▸ ABOUT THIS EXERCISE
An exact restatement of all the data is required, with the pictures left out.

Saved data entries:
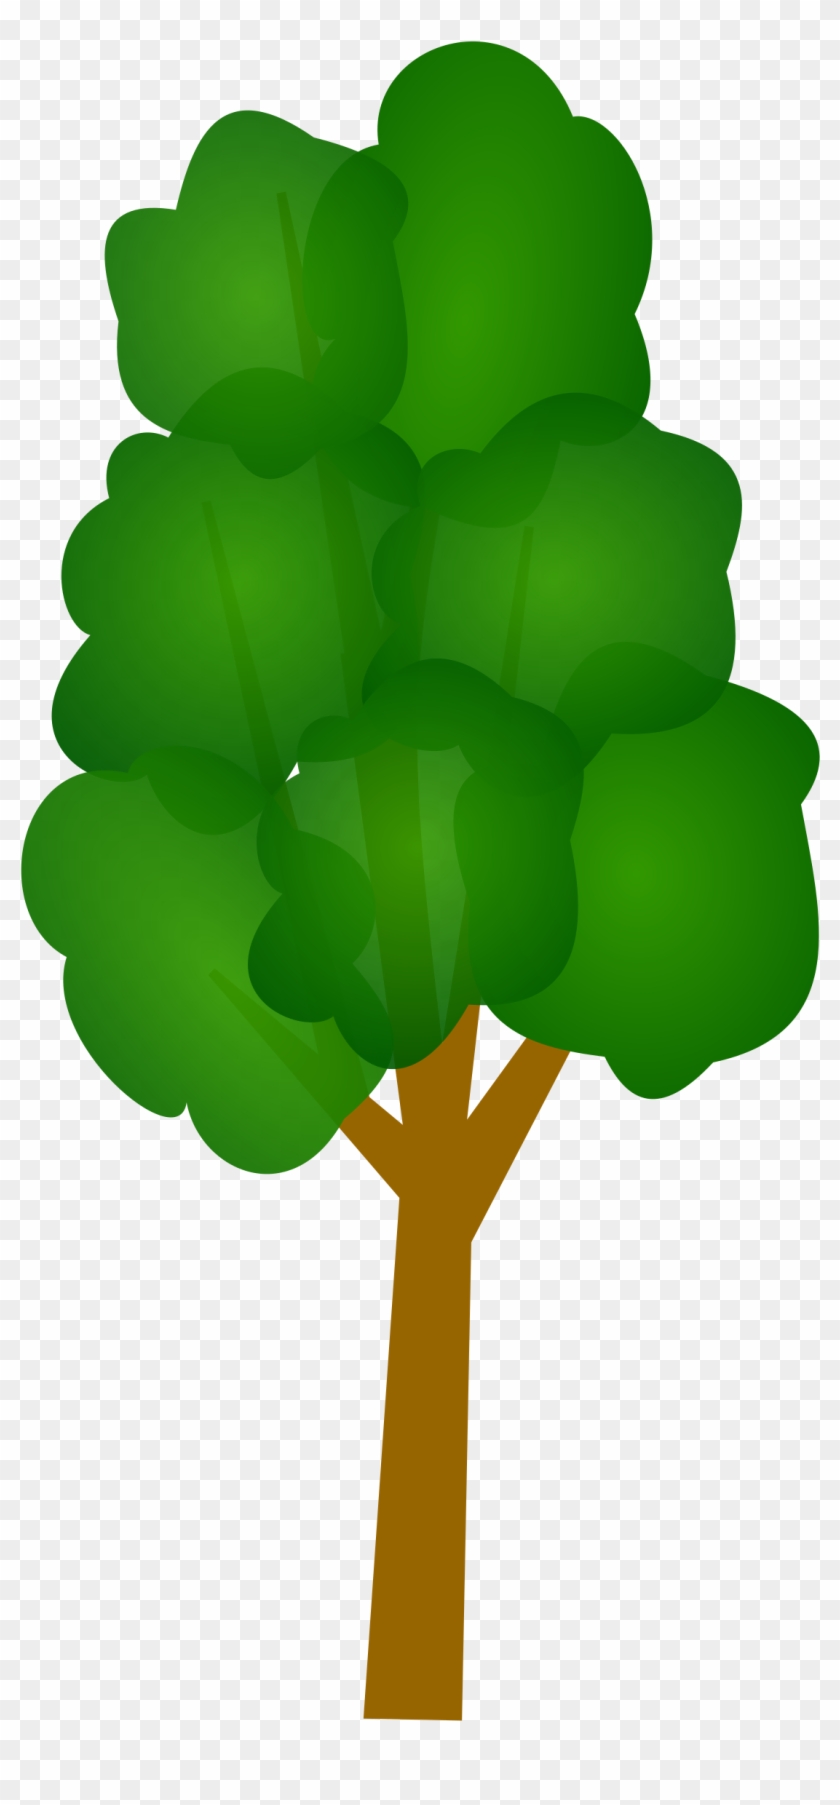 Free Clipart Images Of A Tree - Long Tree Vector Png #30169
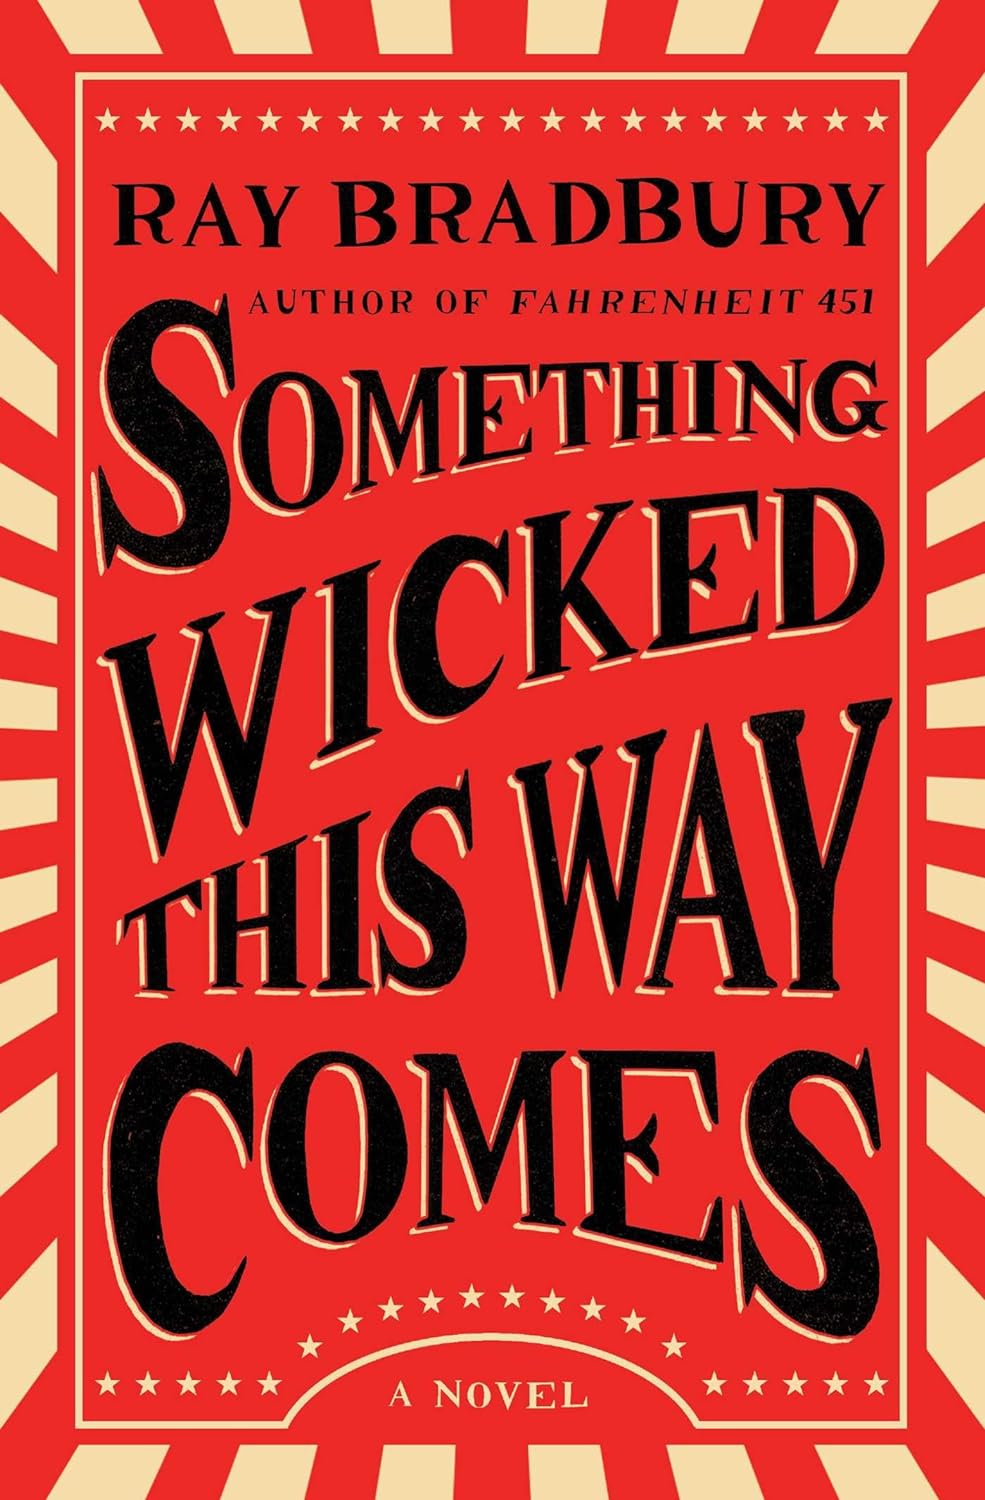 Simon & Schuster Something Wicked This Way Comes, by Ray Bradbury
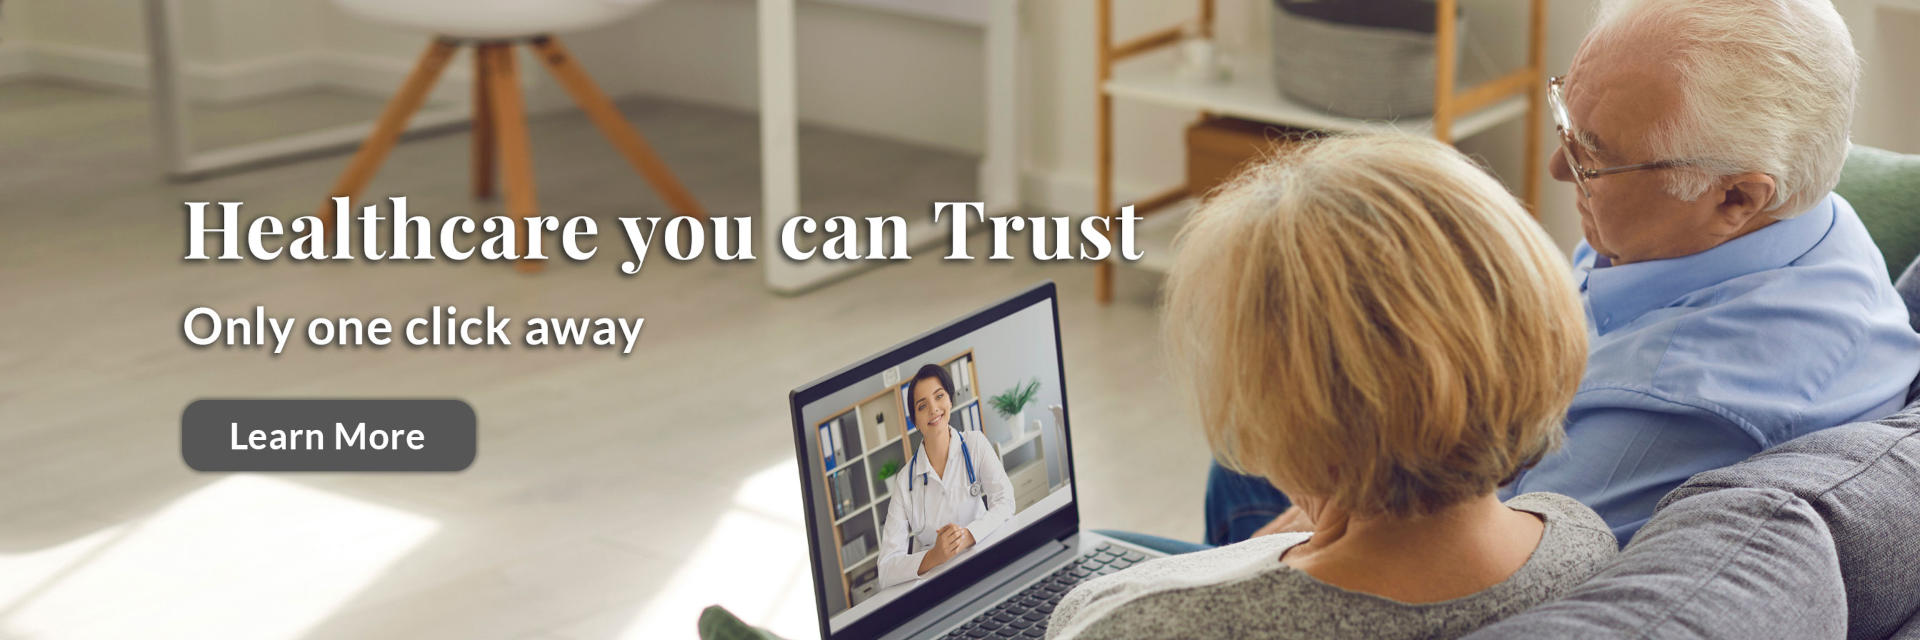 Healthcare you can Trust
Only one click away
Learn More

▸ TASK RESPONSE
 Free Clipart Images Of A Tree - Long Tree Vector Png #30169
 Simon & Schuster Something Wicked This Way Comes, by Ray Bradbury
 Healthcare you can Trust
Only one click away
Learn More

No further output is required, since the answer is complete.